Following nerve injury there is a novel mexiletine sensitive spinal substrate which contributes to Adelta-fibre and C-fibre, but not Abeta-fibre, somatosensory transmission. This central action may underlie some of the clinical efficacy of mexiletine in the treatment of neuropathic pain states. Again consistent with “Deagle's Multilevel Pain Gate Model,” this pharmaceutical is not anti-inflammatory, but blocks as a pain gate inhibitory molecule, the pain transmission from one or more levels of the gating neurological hierarchical control network.
The anti-apoptosis activities of Erythropoitin, Epo/EpoR/JAK2 in DRG neurons is capable of blocking protracted pain states with reductions in pain behaviours, and therefore support a role for Epo therapy in the treatment of neuropathic pain. Thus again, this molecule operates as a pain gate inhibitory and not an anti-inflammatory mechanism.

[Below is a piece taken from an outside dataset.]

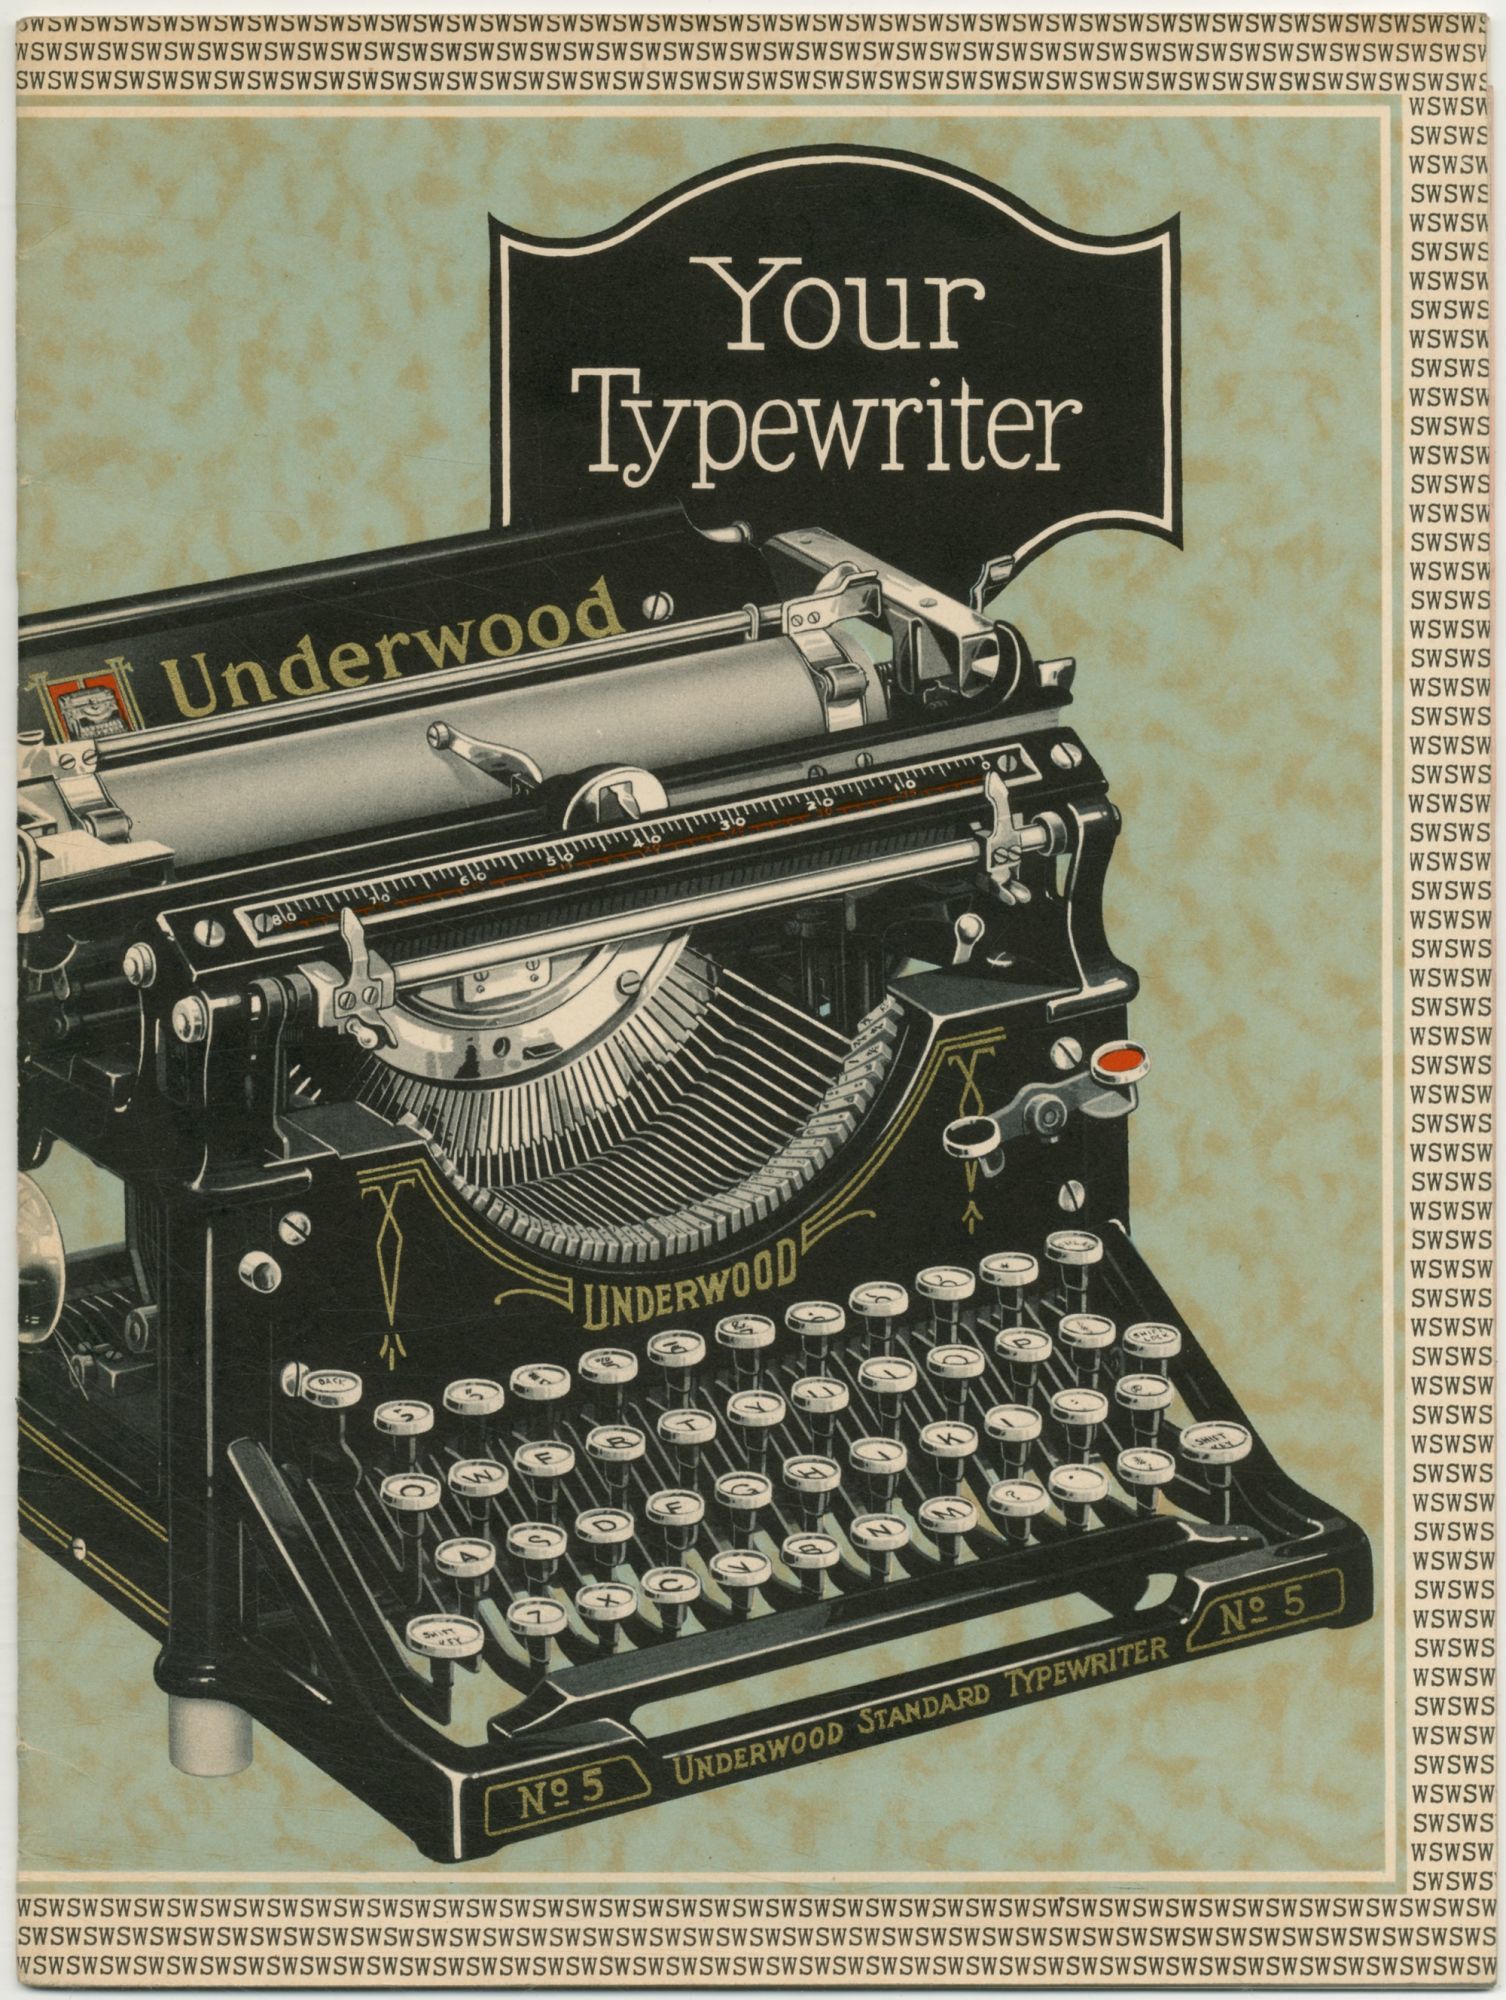 Who uses typewriters anyway?
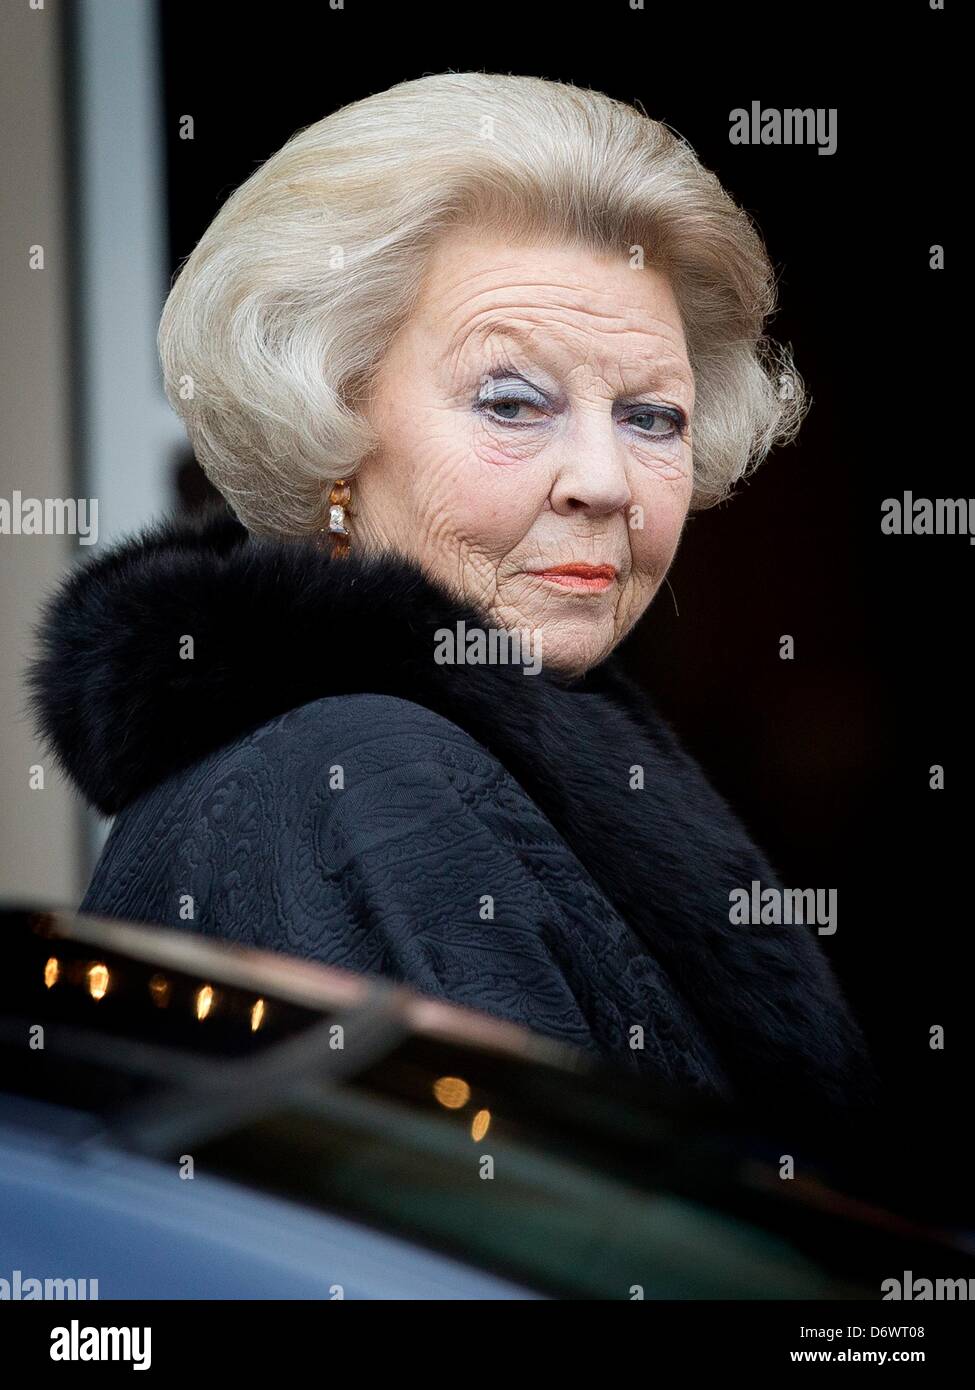 The Hague, The Netherlands. 23rd April, 2013. Queen Beatrix of The Netherlands attends the Koninginnedag concert (Queen's Day concert) at Royal Palace Noordeinde in The Hague, The Netherlands, 23 April 2013. Photo: Patrick van Katwijk/dpa/Alamy Live News Stock Photo

A recent PET study revealed that the first and second somatosensory cortices (SI, SII), and the anterior cingulate cortex are activated by painful peripheral stimulation in humans. It has become clear that painful signals (nociceptive information) evoked at the periphery are transmitted via various circuits to the multiple cerebral cortices where pain signals are processed and perceived. Human or clinical pain is not merely a modality of somatic sensation, but associated with the affect that accompanies sensation. Consequently, pain has a somatosensory-discriminative aspect and an affective-cognitive aspect that are processed in different but correlated brain structures in the ascending circuits. Considering the physiologic characteristics and fiber connections, the SI and SII cortices appear to be involved in somatosensory-discriminative pain, and the anterior cingulate cortex (area 24) in the affective-cognitive aspect of pain.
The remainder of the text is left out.